Your API key is linked to your subscription plan. Usage limits include:

Rate Limit: Requests per minute (varies by plan)
Daily Tokens: Maximum tokens per day
Daily Requests: Maximum requests per day
Premium Models (Enterprise): 100 requests/day for premium models

Usage resets at midnight UTC. Check the Console for your current usage statistics.

Endpoints

API Status

1. Health Check

Endpoint: GET /

Check if the API is operational.

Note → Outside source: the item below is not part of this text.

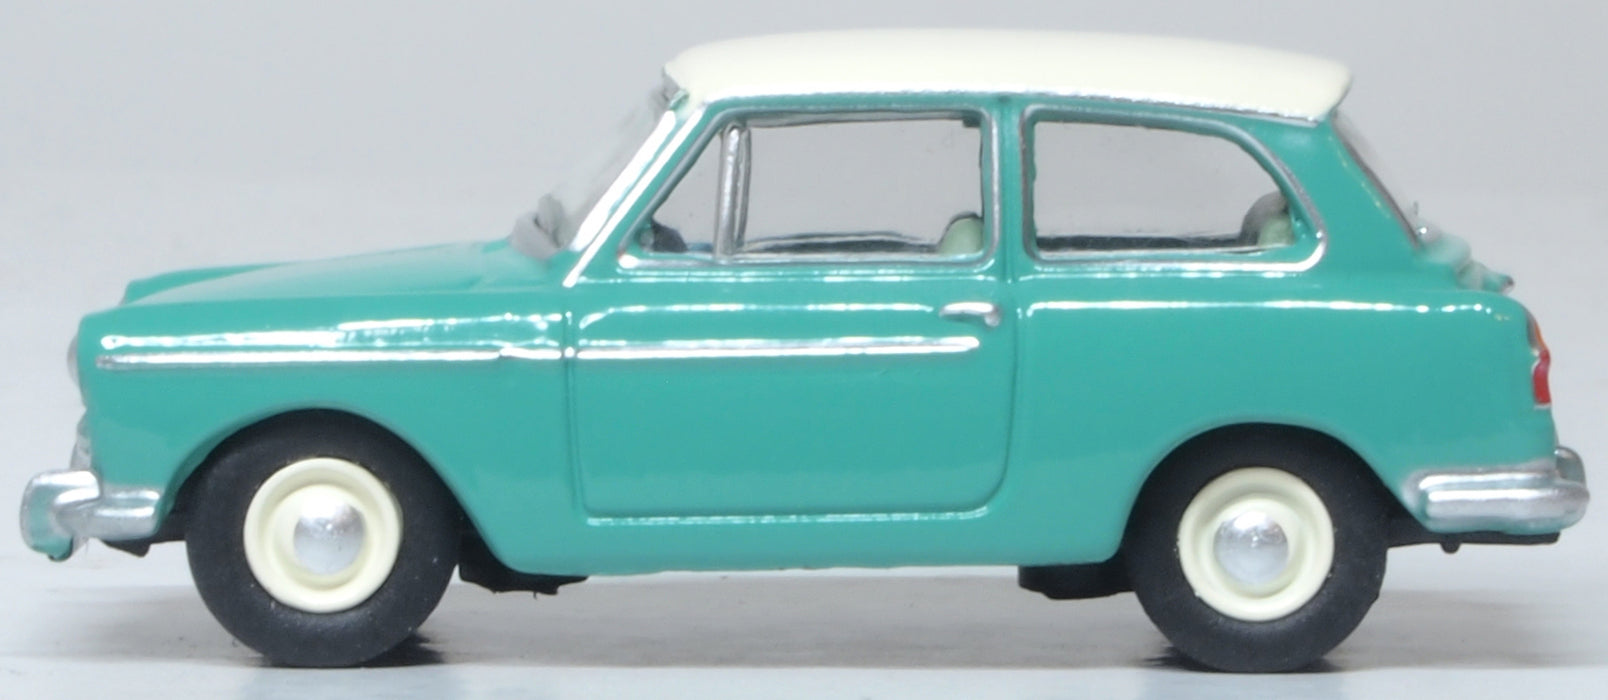 Model of the Austin A40 MkII Fern Green/Snowberry White by Oxford at 1:76 scale.

Requires valid API key.

Response

{
  "message": "Zephyr API is operational",
  "version": "3.2.0",
  "status": "ready"
}

2. Usage Stats

Endpoint: GET /stats

Get your current usage statistics and plan details.

Response

{
  "plan": "BASIC",
  "planLabel": "Free Tier",
  "stats": {
    "tokens": { "date": "2026-01-15", "count": 1024 },
    "requests": { "date": "2026-01-15", "count": 15 },
    "tokenLimit": 4096,
    "rateLimit": "1 req/min"
  }
}

Generation Endpoints

1. Text Generation

Endpoint: POST /generate

Generates text using the selected language model.

Request

POST /generate
Content-Type: application/json

{
  "text": "Your prompt here",
  "temperature": 0.7,
  "system": "You are a helpful assistant"
}

Parameters

Parameter	Type	Required	Default	Description
`text`	string	Yes	-	Your question or prompt
`temperature`	number	No	0.7	Controls creativity (0.0-1.0)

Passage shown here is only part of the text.